The other impact I have noticed is a growing personal sensitivity. This sensitivity cuts both directions. I think I have been more aware of smaller things—of the pleasure of chopping vegetables and cooking food, of how much I rely on my contact with a few friends to share my ongoing story, of the number of people who make my life possible by growing and picking and transporting and stocking the food I take for granted, and of how much I love my mother.
I have also noticed that I am more sensitive than usual to the people and things around me in a not so good way. Like my issue with the weather of Wednesday. Cold days are a part of spring in New England, but Wednesday, it felt like a personal affront. Like how easily I get annoyed with the people I love most. It’s quite amazing how little things, that are usually no big deal, sometimes become the center of my attention. It’s like my skin suddenly becomes paper-thin and every contact feels like an irritation.
How did the astronauts manage those days and weeks in their tiny tin space capsules floating in space? What did the NASA training manual say to do when the way your co-astronaut was gulping their Tang began to drive you crazy? Should you tell them flat out to quit slurping like a barbarian? Or is it better to begin whistling your favorite song so you don’t hear the incessant lapping? Or perhaps begin a conversation about the weather to interrupt the guzzling? I wonder.
For me, I’m trying not to say everything that comes into my head, nor to investigate everything that might be going on behind my friend’s pained expression when I enthusiastically drink my morning coffee. I’m also trying to notice the rising and falling of the irritation itself. When I really pay attention, I’m amazed at how reactive I actually am.
Beneath the calm interior I usually imagine for myself, is wave upon and wave of rising and falling emotion. Both like and dislike constantly arise. Sometimes I hardly notice. Other times the emotion and sensation are strong. Looking closely, I find that even the most urgent arising, has a half-life and fairly quickly subsides. Irritation and annoyance are, for me, often a kind of heat that surges through my body. I feel a flooding of emotion that has a certain kind of urgency to it.

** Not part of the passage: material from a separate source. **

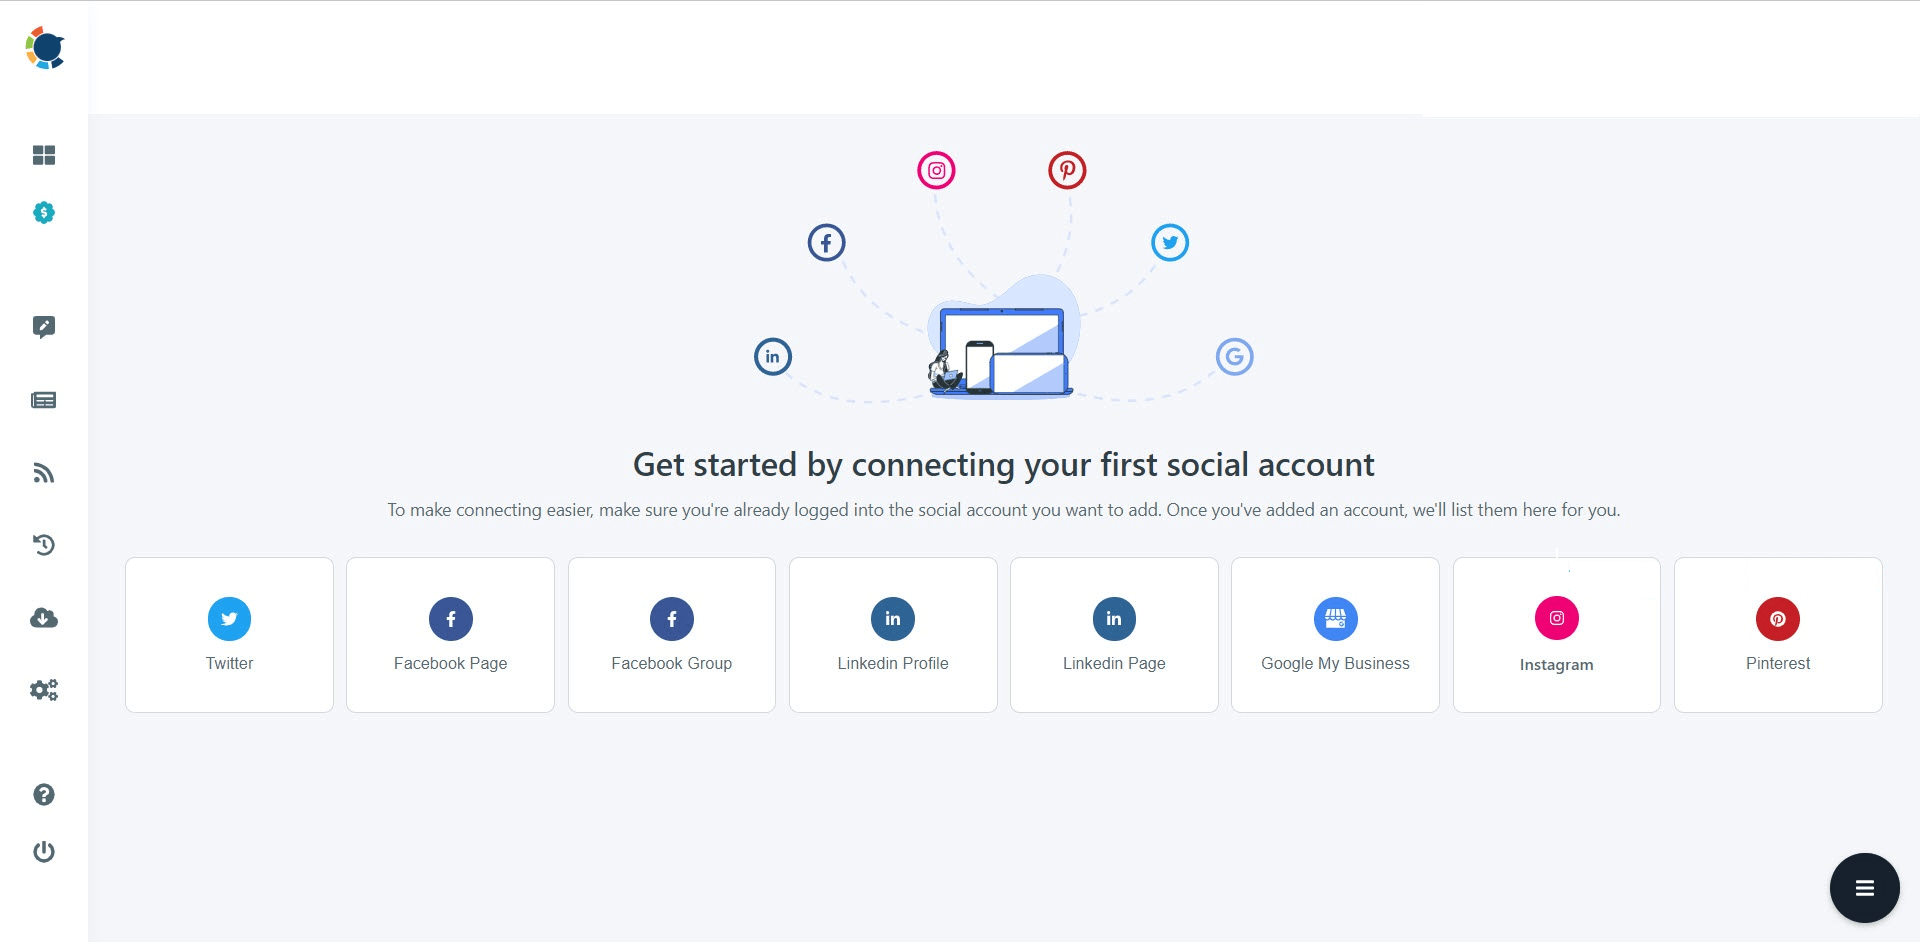 Select the account to automate

This urgency rises and, if I do nothing, subsides on its own. Like a my grandson who can be screaming one moment, then get distracted by a book or a bouncing ball the next moment and seem to totally forget what the screaming was about.
Perhaps patience is just the ongoing awareness this natural process of rising and falling of emotions. Maybe we can be supported by our intention to be good and kind to those around us as we observe, rather than act on, the roller coaster of internal experience that is our birthright as humans?